(Exercise directions)
The required output is the exact run of lines in the listing below from the line holding "Residents of the" through the line holding "Among those pictured", with no pictures.

*** Supplied data ***

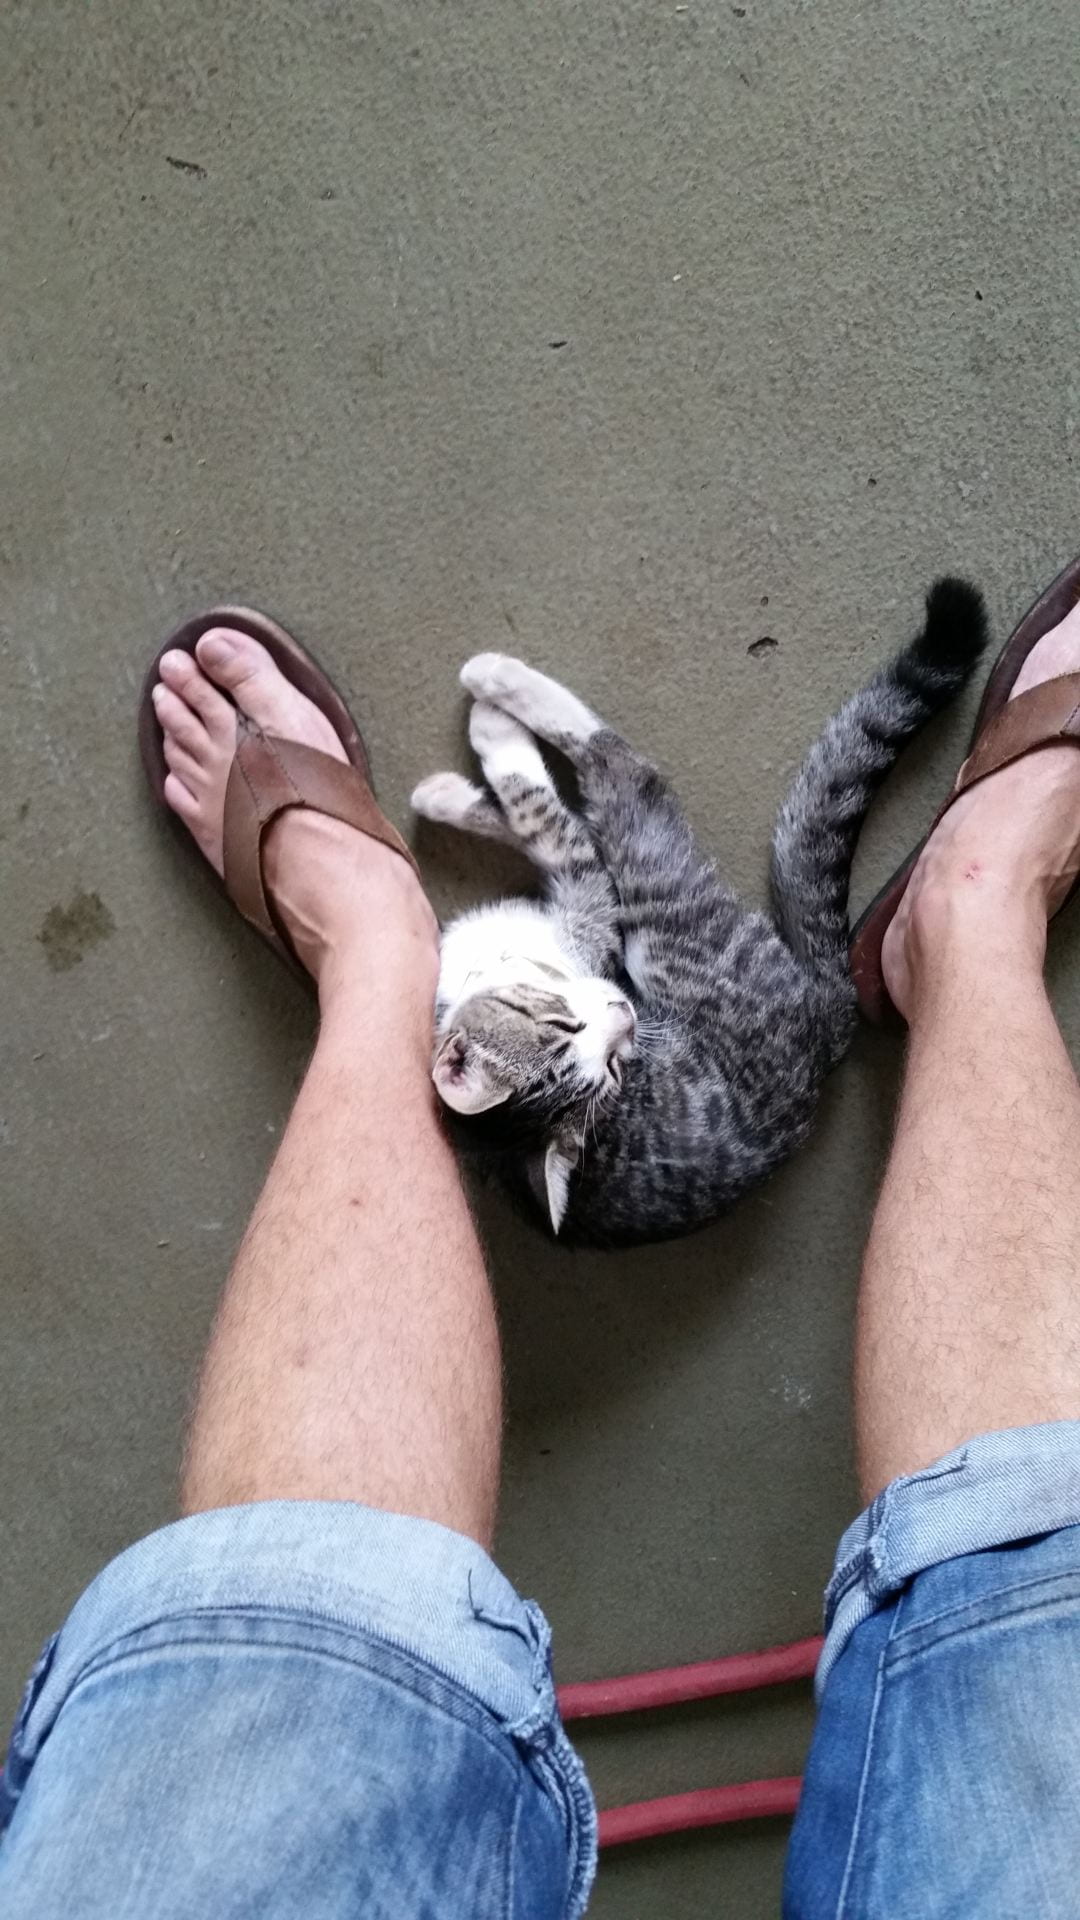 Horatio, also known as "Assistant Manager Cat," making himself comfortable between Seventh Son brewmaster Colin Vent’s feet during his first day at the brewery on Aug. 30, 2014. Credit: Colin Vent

*** End of Supplied data ***
*** Supplied data ***

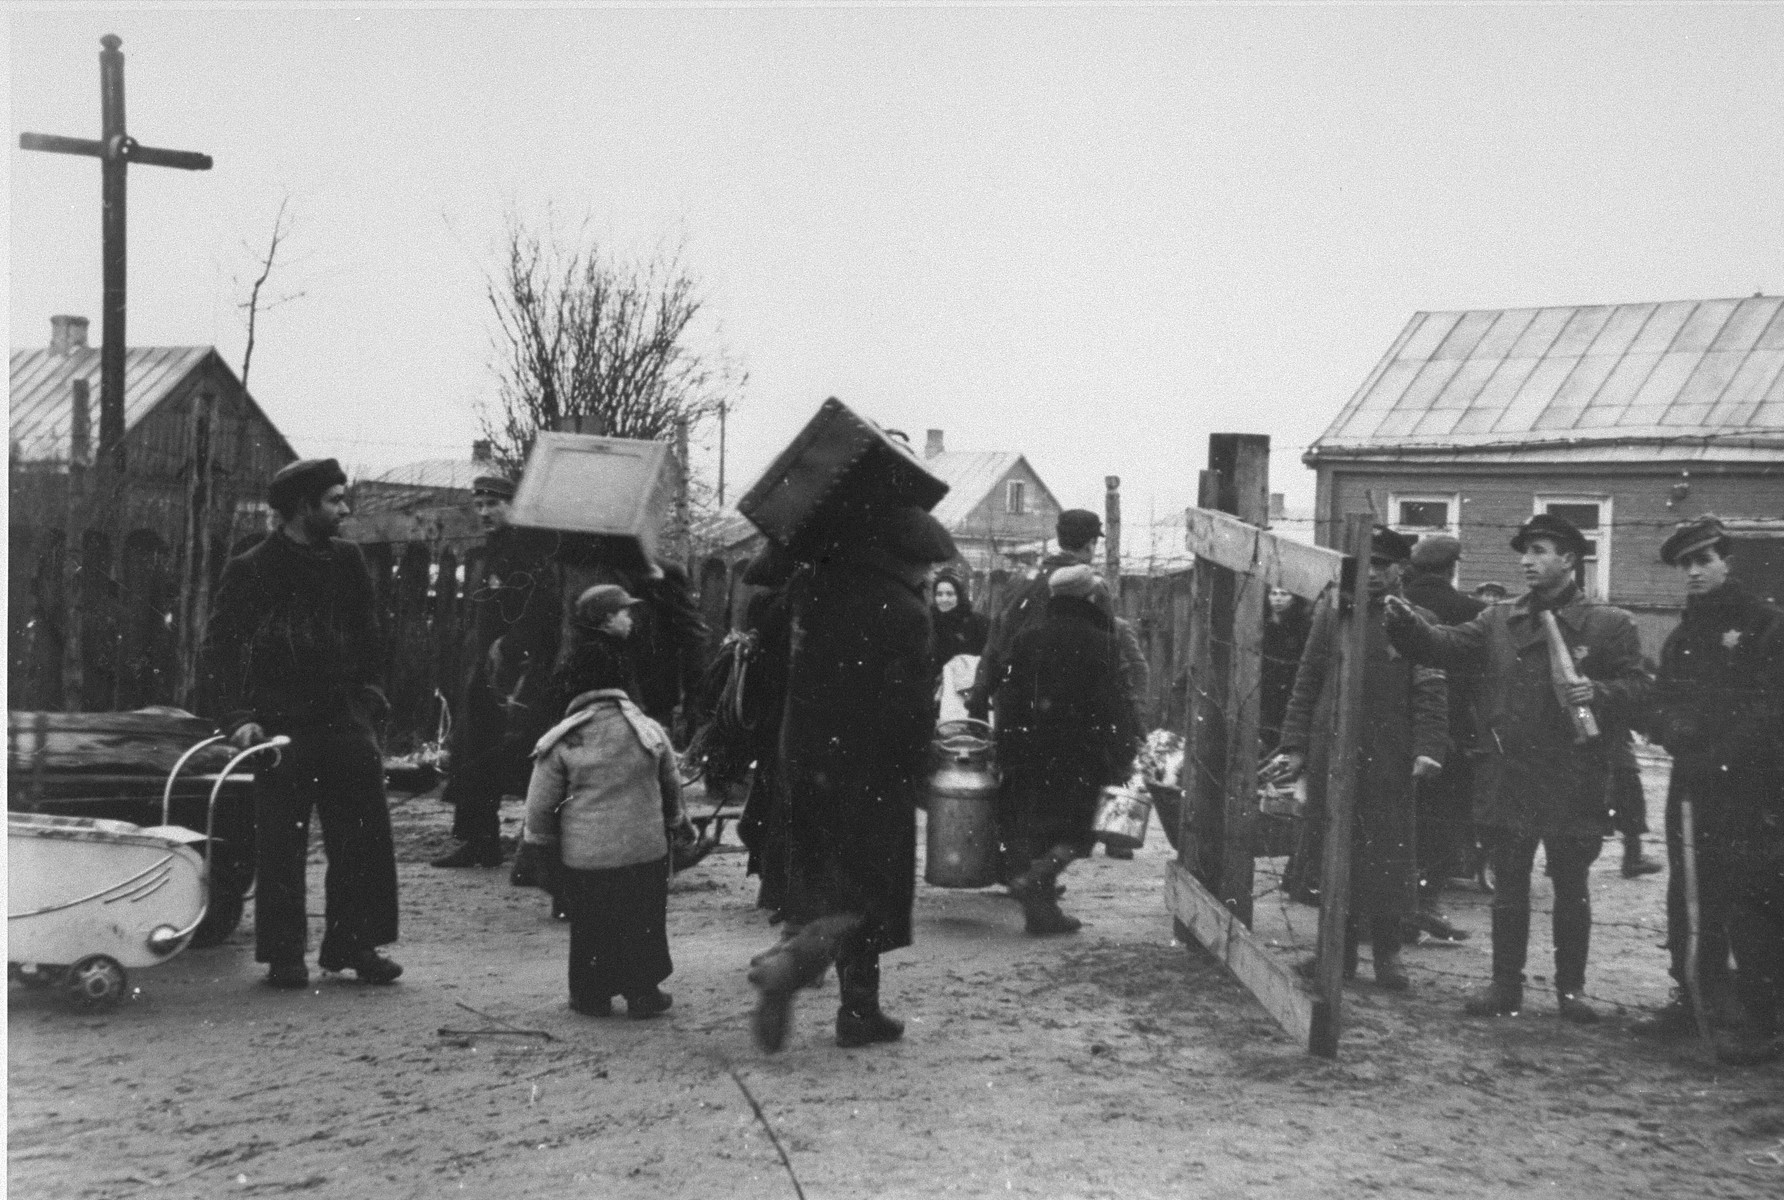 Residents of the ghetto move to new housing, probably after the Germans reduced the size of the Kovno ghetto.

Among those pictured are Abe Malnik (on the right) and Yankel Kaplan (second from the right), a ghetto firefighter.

*** End of Supplied data ***

(Result of this exercise)
 Residents of the ghetto move to new housing, probably after the Germans reduced the size of the Kovno ghetto.

Among those pictured are Abe Malnik (on the right) and Yankel Kaplan (second from the right), a ghetto firefighter.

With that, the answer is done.